The book is divided into 14 chapters, and one of its great strengths is in its structure. It focuses on specific empires or comparative examples from the same time frame, rather than dividing chapters into the different themes of rule and looking for examples from throughout history. This gives the reader a real sense of depth and the ability to take away their own understanding, rather than being spoon-fed examples. Throughout, the book balances detail about the various empires it covers, providing enough to keep the reader interested and reveal the particularities and contingencies of each empire’s development, but not focusing on so much detail that the wider themes and processes are obscured.

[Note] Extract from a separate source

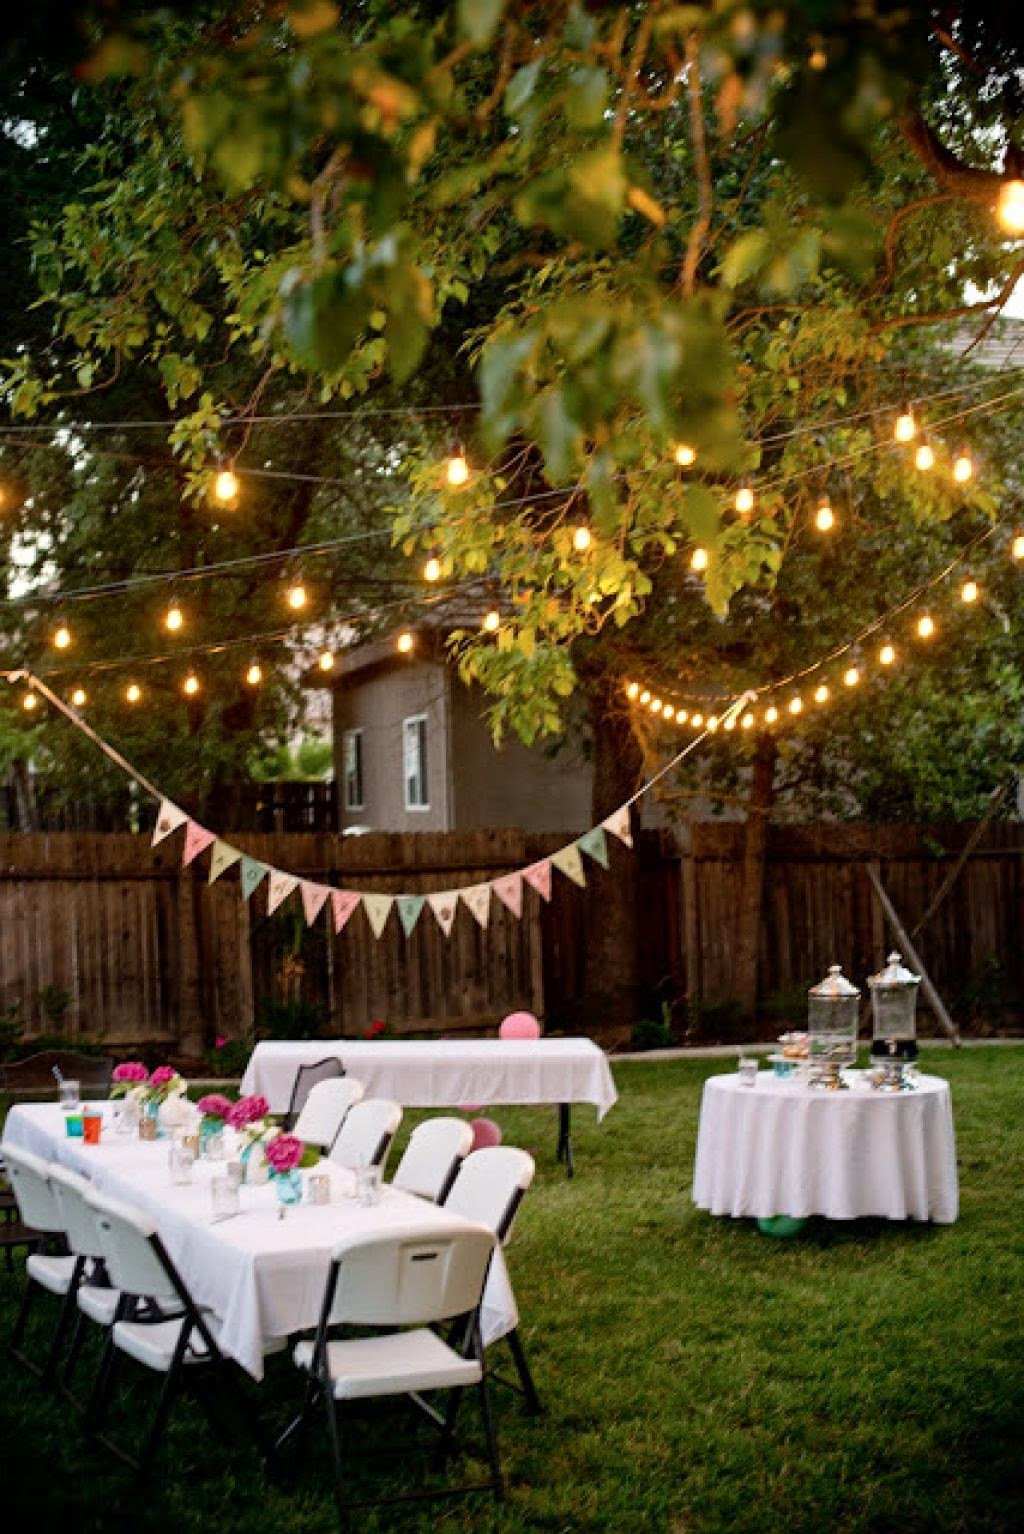 Backyard Dinner Party Ideas
 Enjoy a year end party in the backyard

Chapter one outlines the themes and sets out the argument that ‘for most of human history empires and their interactions shaped the context in which people gauged their political possibilities, pursued their ambitions, and envisioned their societies’ (p. 3–4). The authors list their themes as difference within empires, imperial intermediaries, imperial intersections, imperial imaginaries, and repertoires of power. Repertoires of power, while a somewhat vague term, emerges clearly as a concept throughout the book, playing a large role in the differentiation of imperial experiences. In essence, it is the different means by which imperial authority is legitimated and practiced. For example, in areas under Mongol control, military ranks were only given to Mongols, while other elites incorporated into the empire could rise through civilian offices (p. 107). Meanwhile, in Habsburg Spain, composite monarchy – made up of ‘a web of dynastic and material linkages’ (p. 122) – was the system by which Charles V and Phillip II claimed imperial authority. The idea of repertoires of power has a number of different aspects beyond pure systems of rule, and these are adaptable across empires. First is the importance of ‘governmentality’ in administering empire – enumerating, classifying and regrouping conquered peoples, collecting taxes, mapping new territories, and creating imperial bureaucracies to carry out these functions. Second is the adaptability and ultimate reification of imperial projects. Within this fall a few sub-themes. The authors are clearly interested in what subjects and elite collaborators get out of empire and how empires respond to these demands. They also explore the inadaptability of linking universal religion to claims for universal rule. The third aspect of these repertoires of power is the response to tensions between centralizing and decentralizing impulses. Finally, while an unstated aspect, the role of ongoing military conflict in fuelling imperial expansion continuously recurs as a theme through the choice of comparisons put forward by the authors. The focus on these repertoires of power and governance reveals the reasoning behind the choice of empires described in the book: the authors are arguing for a particular Eurasian set of imperial repertoires beginning with Rome and China and from which subsequent empires drew inspiration, adapting as they saw fit.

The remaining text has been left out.